In 1872 the federal Supreme Court affirmed the judgment of the Supreme Court of Illinois in its decision to deny Myra Bradwell a license to practice law in Illinois on the ground that she was a woman. The opinion of the court, delivered by Justice Samuel Freeman Miller, was (in short) that each state could decide who could practice law in the state courts. Justice Joseph P. Bradley, who agreed with the conclusion of the court in affirming the judgment of the Supreme Court of Illinois, agreed for different reasons, which he enumerated separately. Bradley's opinion is excerpted below. Twenty years later, Bradwell practiced law before the U.S. Supreme Court, after being admitted to the bar in Illinois in 1890.

I concur in the judgment of the court in this case by which the judgment of the Supreme Court of Illinois is affirmed, but not for the reasons specified in the opinion just read.

The claim of the plaintiff, who is a married woman, to be admitted to practice as an attorney and counselor-at-law, is based upon the supposed right of every person, man or woman, to engage in any lawful employment for a livelihood. The Supreme Court of Illinois denied the application on the ground that, by the common law, which is the basis of laws of Illinois, only men were admitted to the bar, and the Legislature had not made any change in this respect, but had simply provided no person should be admitted to practice as attorney or counselor without having previously obtained a license for that purpose from two justices of the Supreme Court, and that no person should receive a license without first obtaining a certificate from the court of some county of his good moral character. In other respects it was left to the discretion of the court to establish the rules by which admission to the profession should be determined. The court, however, regarded itself as bound by at least two limitations. One was that it should establish such terms of admission as would promote the proper administration of justice, and the other that it should not admit any persons, or class of persons, not intended by the Legislature to be admitted, even though not expressly excluded by statute. In view of this latter limitation the court felt compelled to deny the application of females to be admitted as members of the bar. Being contrary to the rules of the common law and the usages of Westminster Hall from time immemorial, it could not be supposed that the Legislature had intended to adopt any different rule.

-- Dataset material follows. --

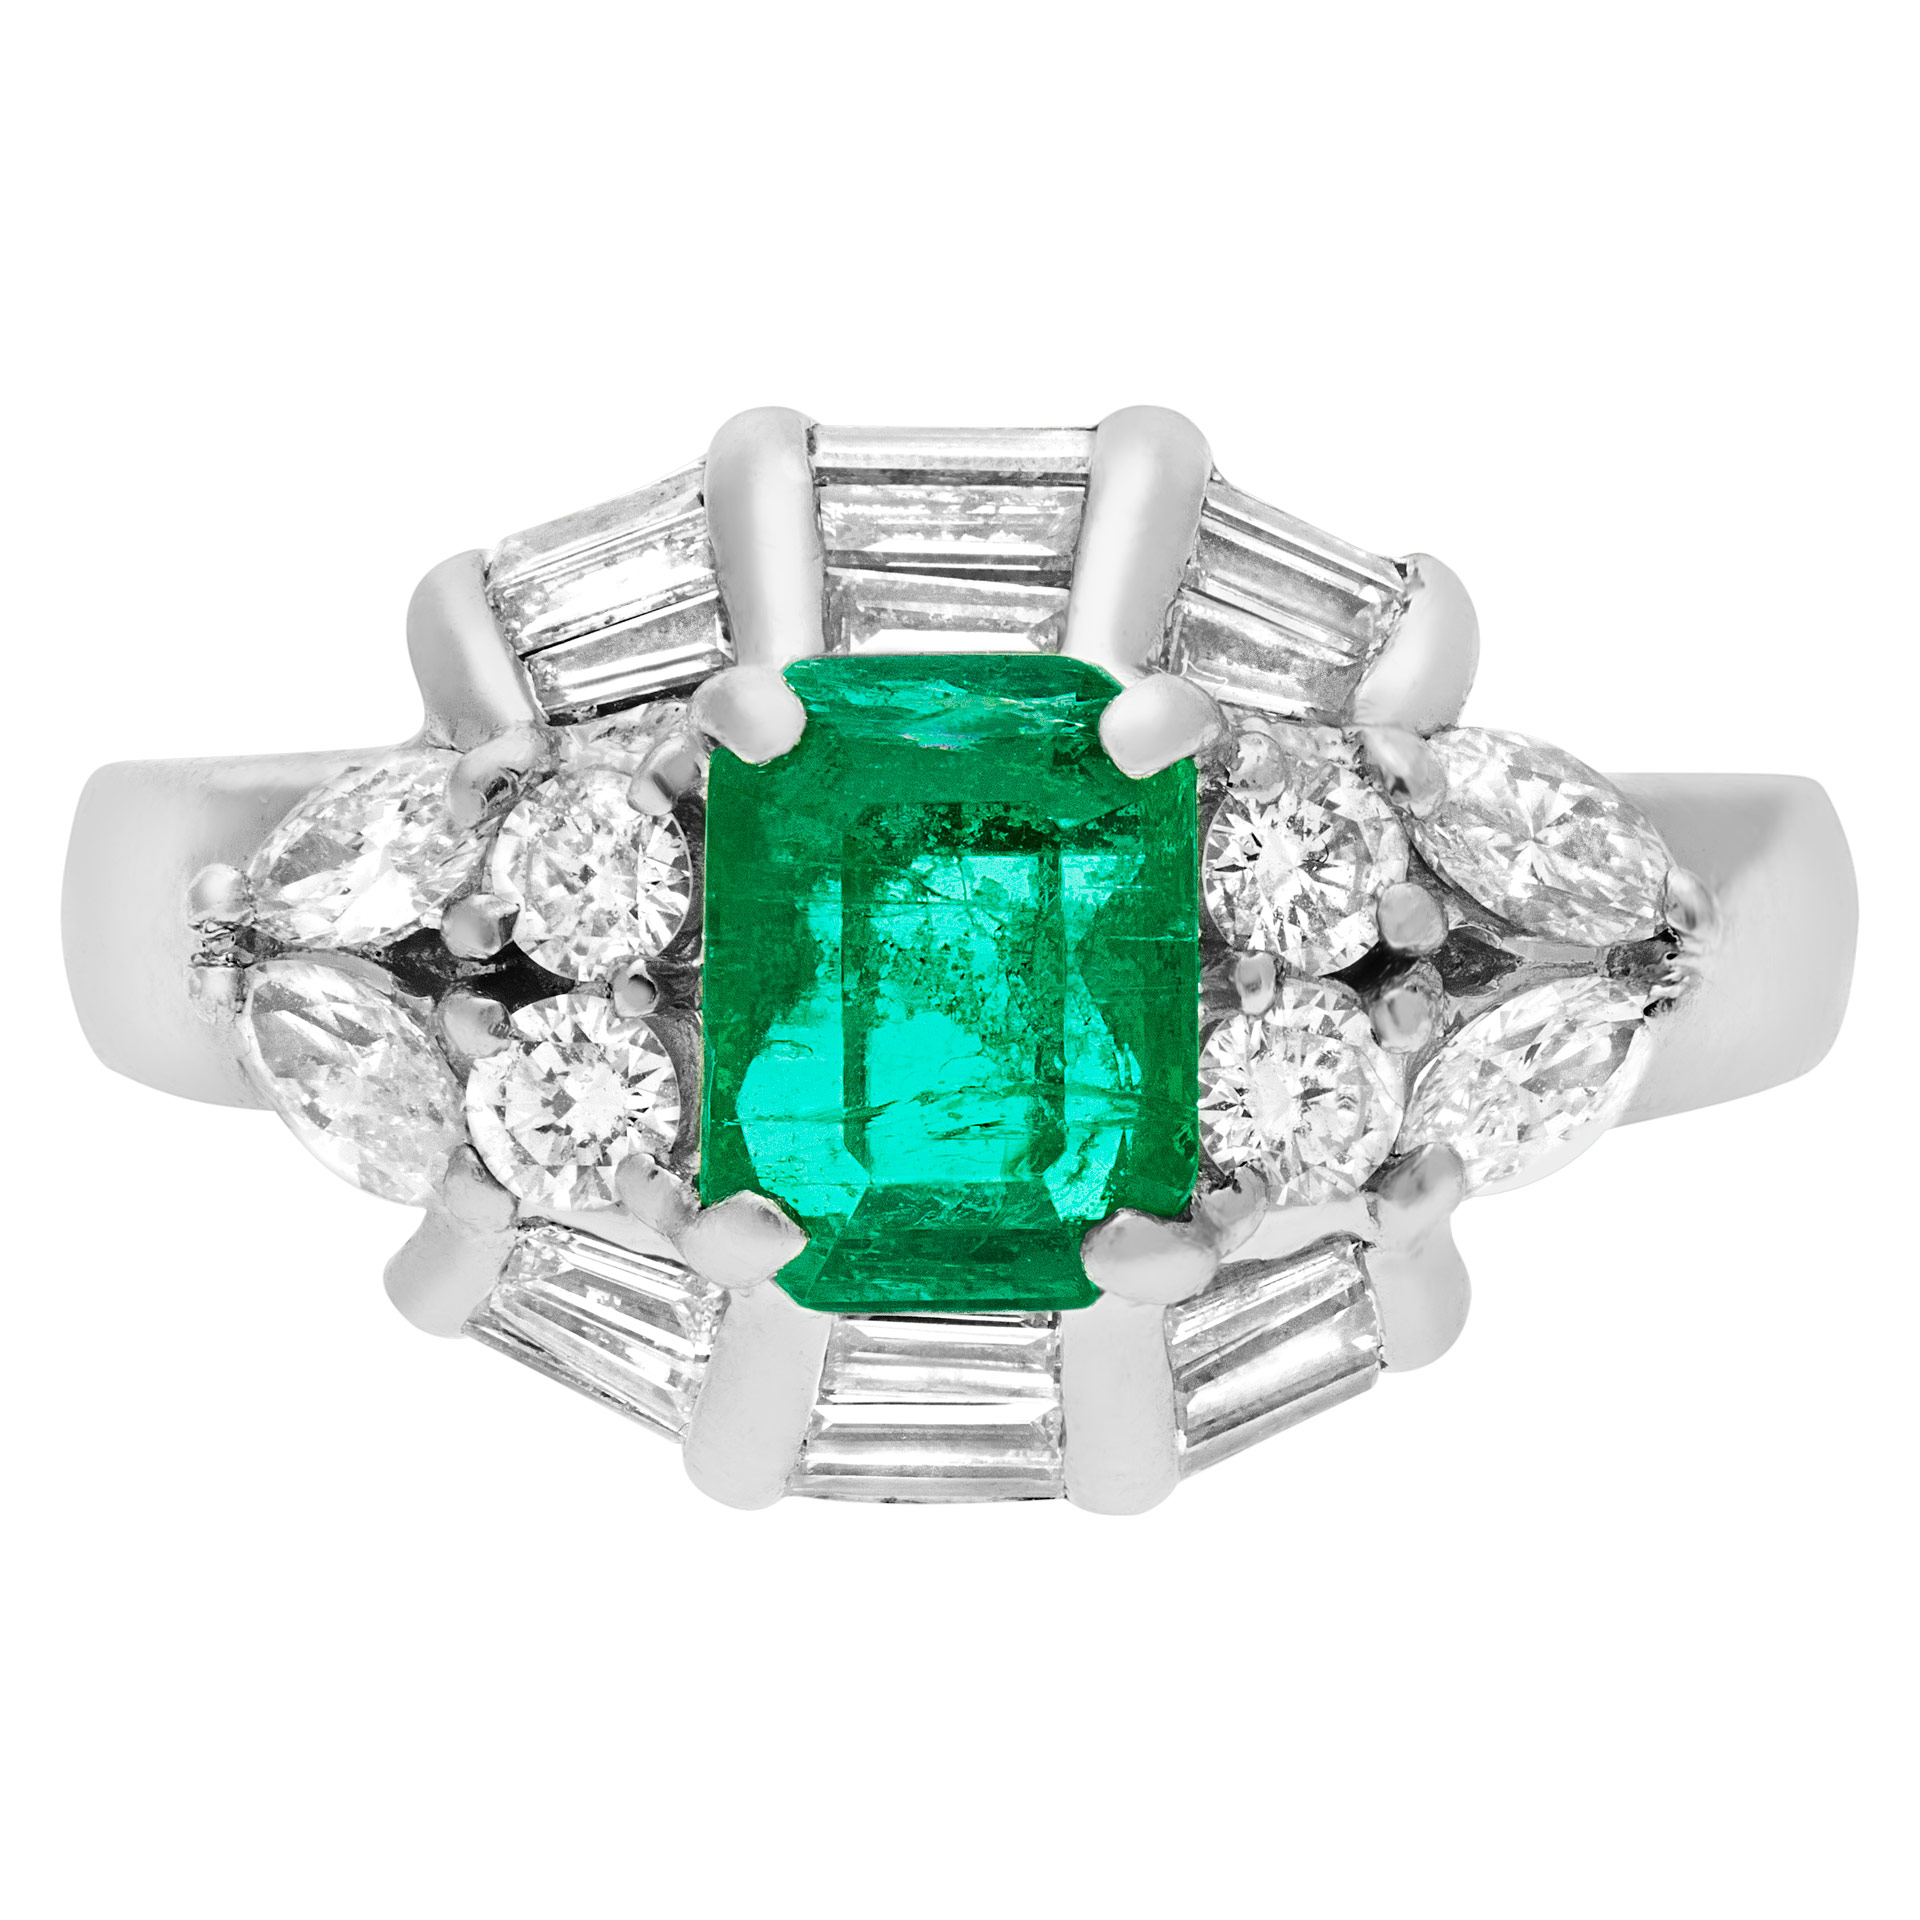 Emerald & diamond ring in platinum. Approx. 1.25 carat emerald. image 1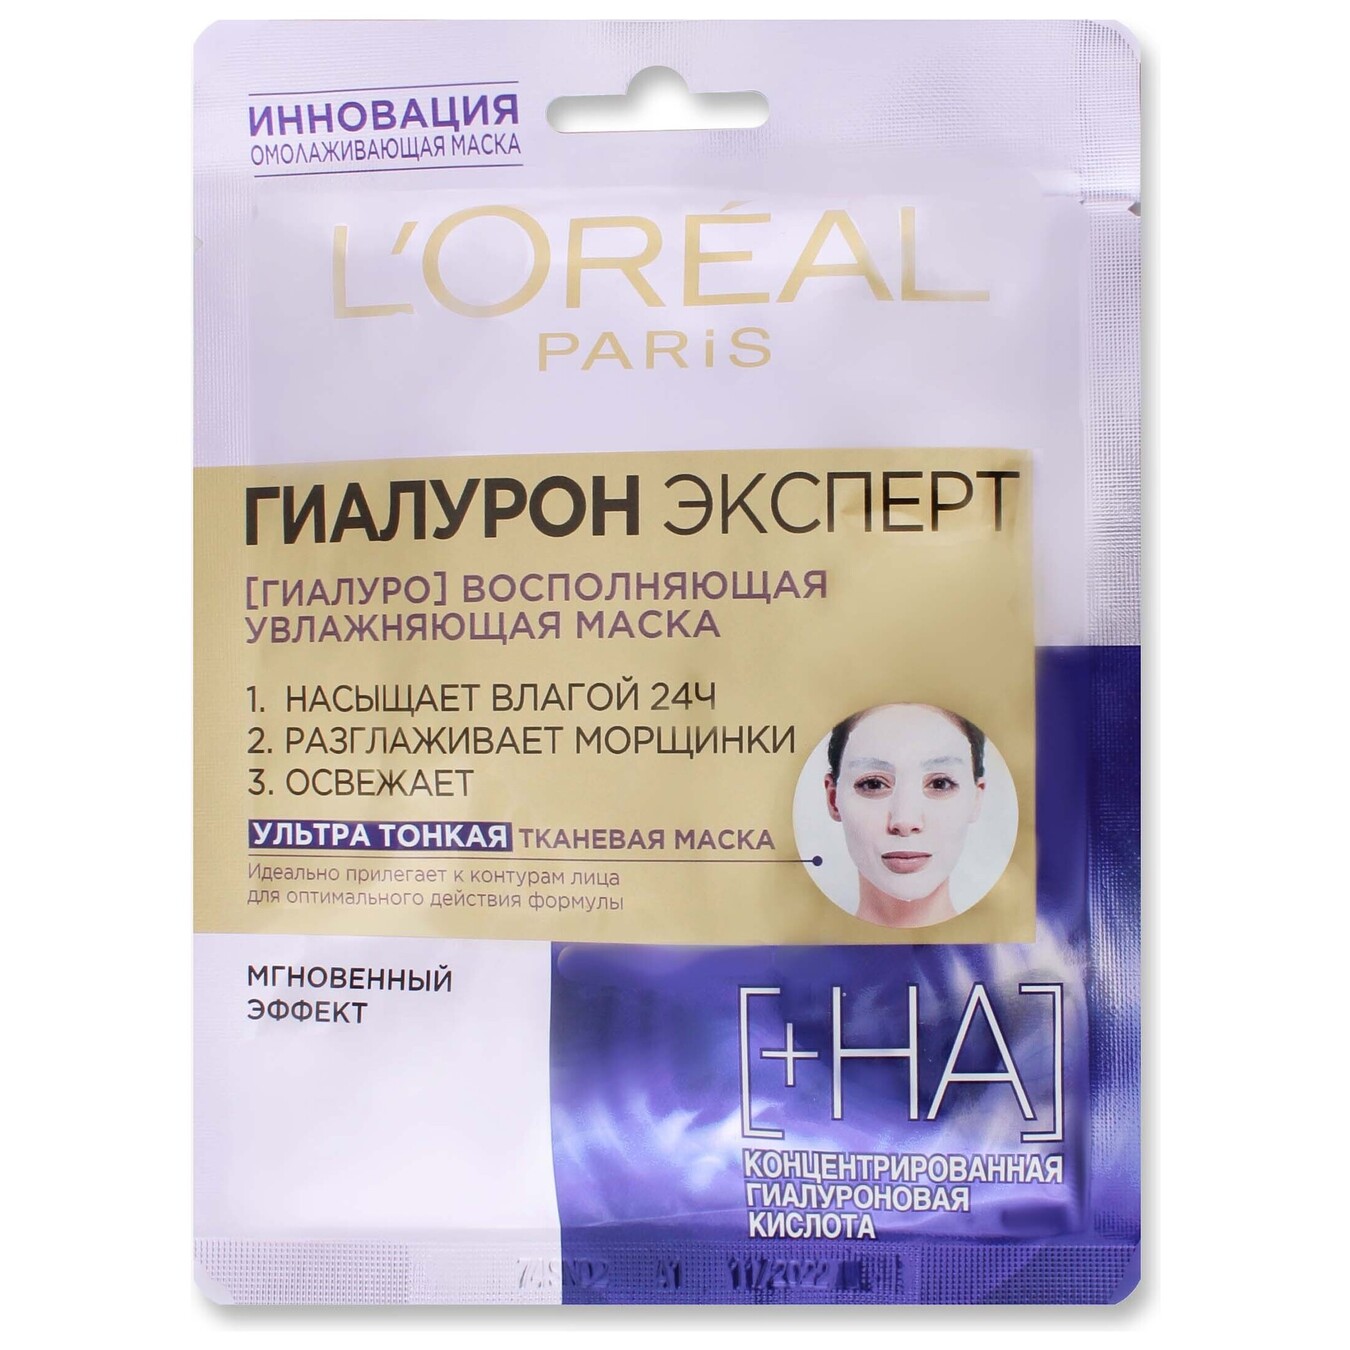 L'Oreal Paris Hyaluron expert moisturizing face mask 30g

The claim that, under the XIV Amendment of the Constitution, which declares that no State shall make or enforce any law which shall abridge the privileges and immunities of citizens of the United States, the statute law of Illinois, or the common law prevailing in that State, can no longer be set up as a barrier against the right of females to pursue any lawful employment for a livelihood (the practice of law included), assumes that it is one of the privileges and immunities of women as citizens to engage in any and every profession, occupation, or employment in civil life.

It certainly can not be affirmed, as a historical fact, that this has ever been established as one of the fundamental privileges and immunities of the sex. On the contrary, the civil law, as well as nature herself, has always recognized a wide difference in the respective spheres and destinies of man and woman. Man is, or should be, woman's protector and defender. The natural and proper timidity and delicacy which belongs to the female sex evidently unfits it for many of the occupations of civil life. The constitution of the family organization, which is founded in the divine ordinance, as well as in the nature of things, indicates the domestic sphere as that which properly belongs to the domain and functions of womanhood. The harmony, not to say identity, of interests and views which belong, or should belong, to the family institution is repugnant to the idea of a woman adopting a distinct and independent career from that of her husband. So firmly fixed was this sentiment in the founders of the common law that it became a maxim of that system of jurisprudence that a woman had no legal existence separate from her husband, who was regarded as her head and representative in the social state; and, notwithstanding some recent modifications of this civil status, many of the special rules of law flowing from and dependent upon this cardinal principle still exist in full force in most States. One of these is, that a married woman is incapable, without her husband's consent, of making contracts which shall be binding on her or him. This very incapacity was one circumstance which the Supreme Court of Illinois deemed important in rendering a married woman incompetent fully to perform the duties and trusts that belong to the office of an attorney and counselor.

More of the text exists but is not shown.